Pas de réaction de Bamako à ce stade. Le mois dernier, après des révélations déjà sur d’autres allégations d’exactions de l’armée malienne et de leurs supplétifs russes, les autorités de transition avaient catégoriquement nié et accusé Human Rights Watch -ainsi que RFI et les Nations unies- de chercher à « déstabiliser la Transition ».

La Minusma pourra-t-elle enquêter à Moura?

Plus de 200 jihadistes tués, une cinquantaine d’interpellations. C’est le bilan officiel de l’opération militaire malienne menée la semaine dernière sur le village de Moura, dans le centre du Mali. Mais cette action antiterroriste fait aussi l’objet de très nombreuses allégations de violences commises par les soldats maliens et leurs supplétifs russes. La Mission des Nations unies au Mali (Minusma) souhaite mener une enquête, mais rien n’est encore garanti.

« Il y a un imbroglio autour des demandes d’autorisations », explique une source onusienne impliquée dans l’organisation de la mission censée enquêter à Moura, qui espère que les autorités politiques et militaires maliennes finiront par donner leur feu vert.

L’armée malienne affirme ouvrir des enquêtes de manière systématique en cas d’allégations d’exactions portées contre les Fama, mais les défenseurs des droits humains, maliens et internationaux, tiennent à une enquête indépendante. Indépendante et rapide.
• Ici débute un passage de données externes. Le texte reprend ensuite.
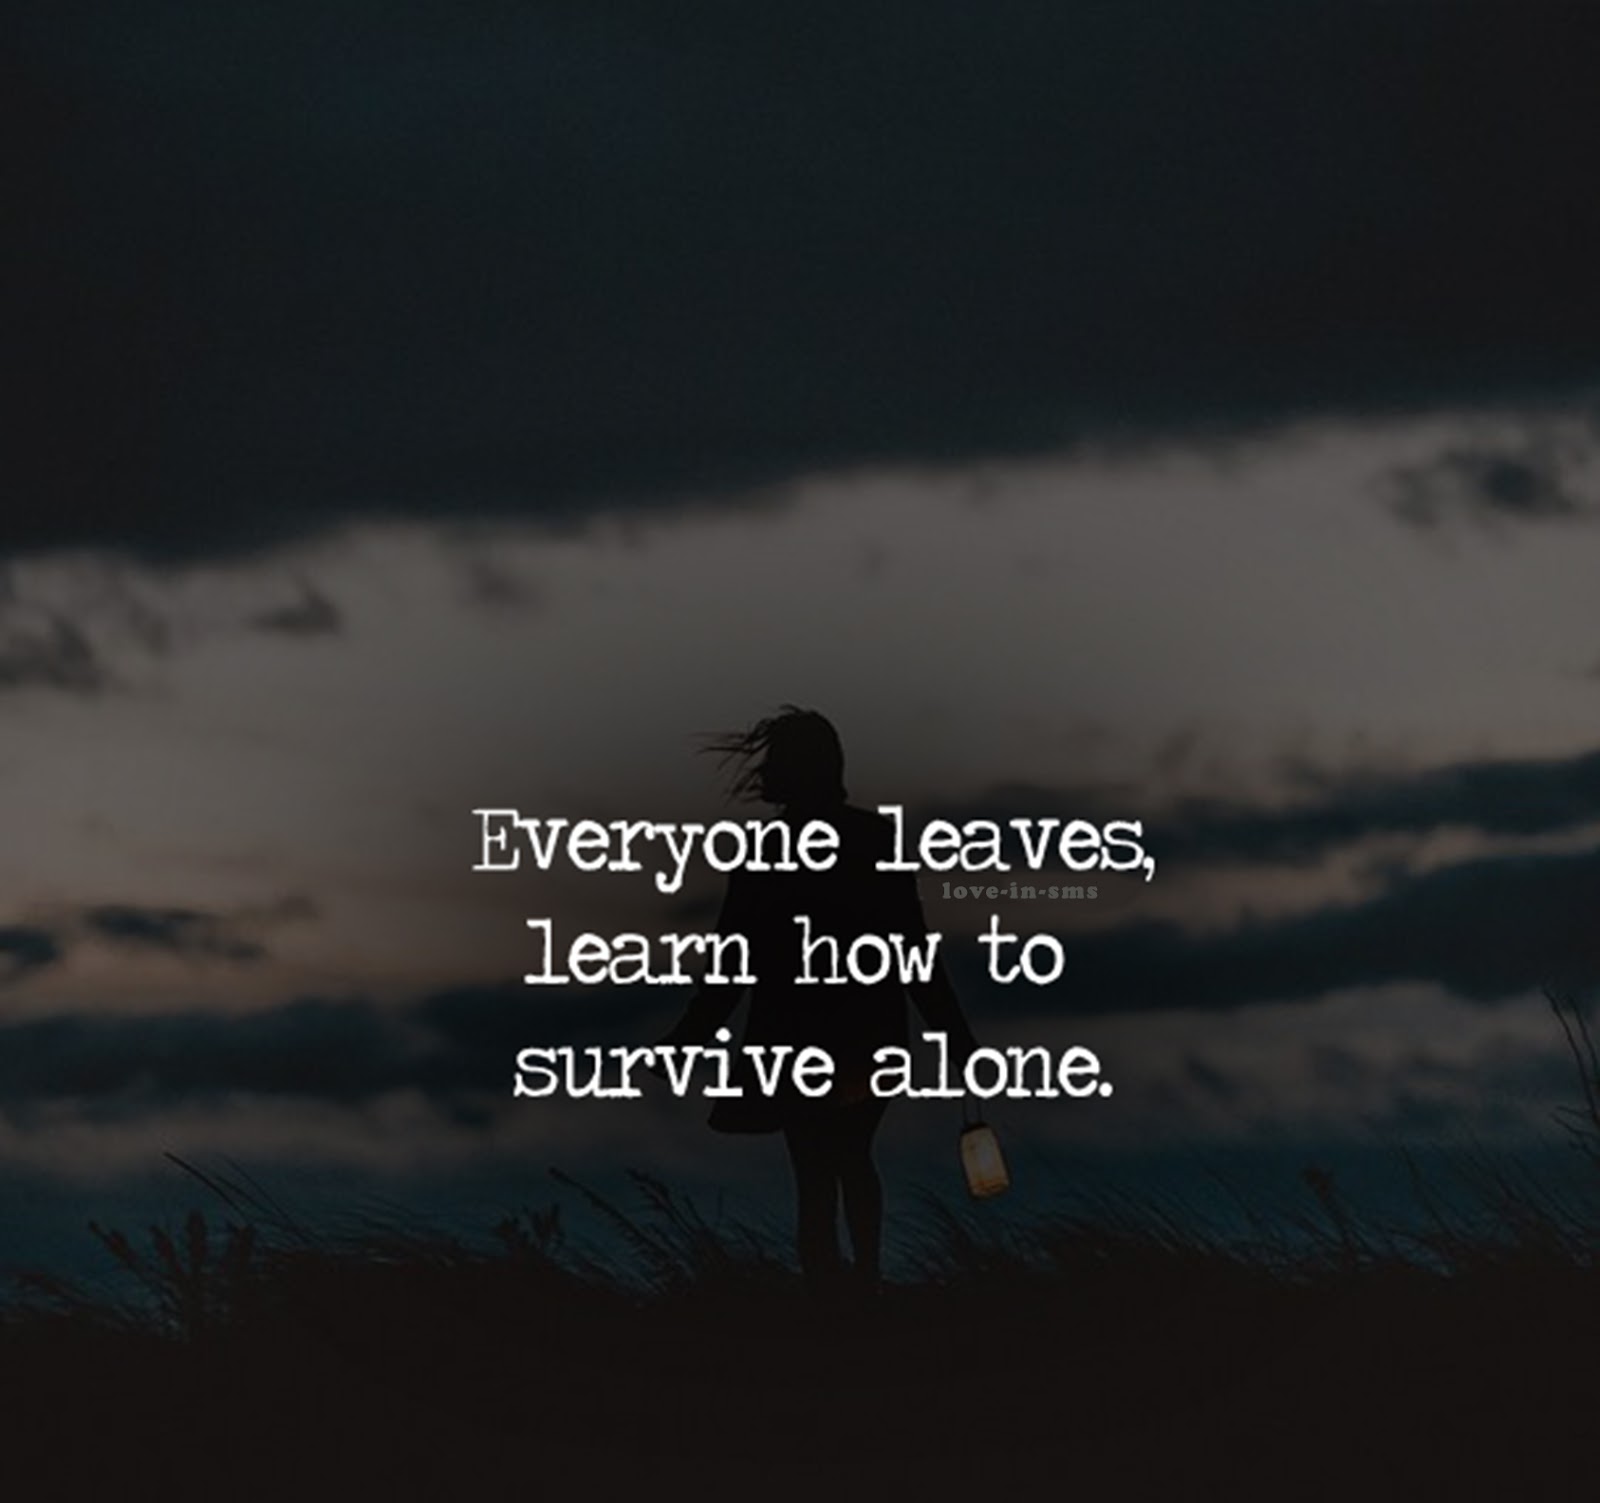 everyone leaves, learn how to survive alone

Car certaines sources locales craignent que le temps qui passe puisse être mis à profit pour dissimuler des preuves ou faire pression sur les habitants. Les témoignages faisant état de corps brûlés et enterrés à la chaîne dans des fosses communes laissant déjà penser que le nombre précis de victime sera long et difficile à établir.

Difficile d’enquêter

« Il est toujours possible d’enquêter à distance, d’identifier et d’entendre des témoins, explique tout de même un habitué de ce genre de travail. Mais évidemment, c’est moins précis ». Par le passé, la Minusma a pu enquêter sur de nombreuses allégations d’exactions commises par les forces maliennes ou françaises, comme à Bounty, il y a un peu plus d’un an. Le rapport onusien s’était montré accablant pour la force Barkhane. Mais l’arrivée de supplétifs russes aux côtés des soldats maliens et le secret entretenu par Bamako autour de leurs activités ont considérablement limité l’accès à certaines informations et à certaines zones.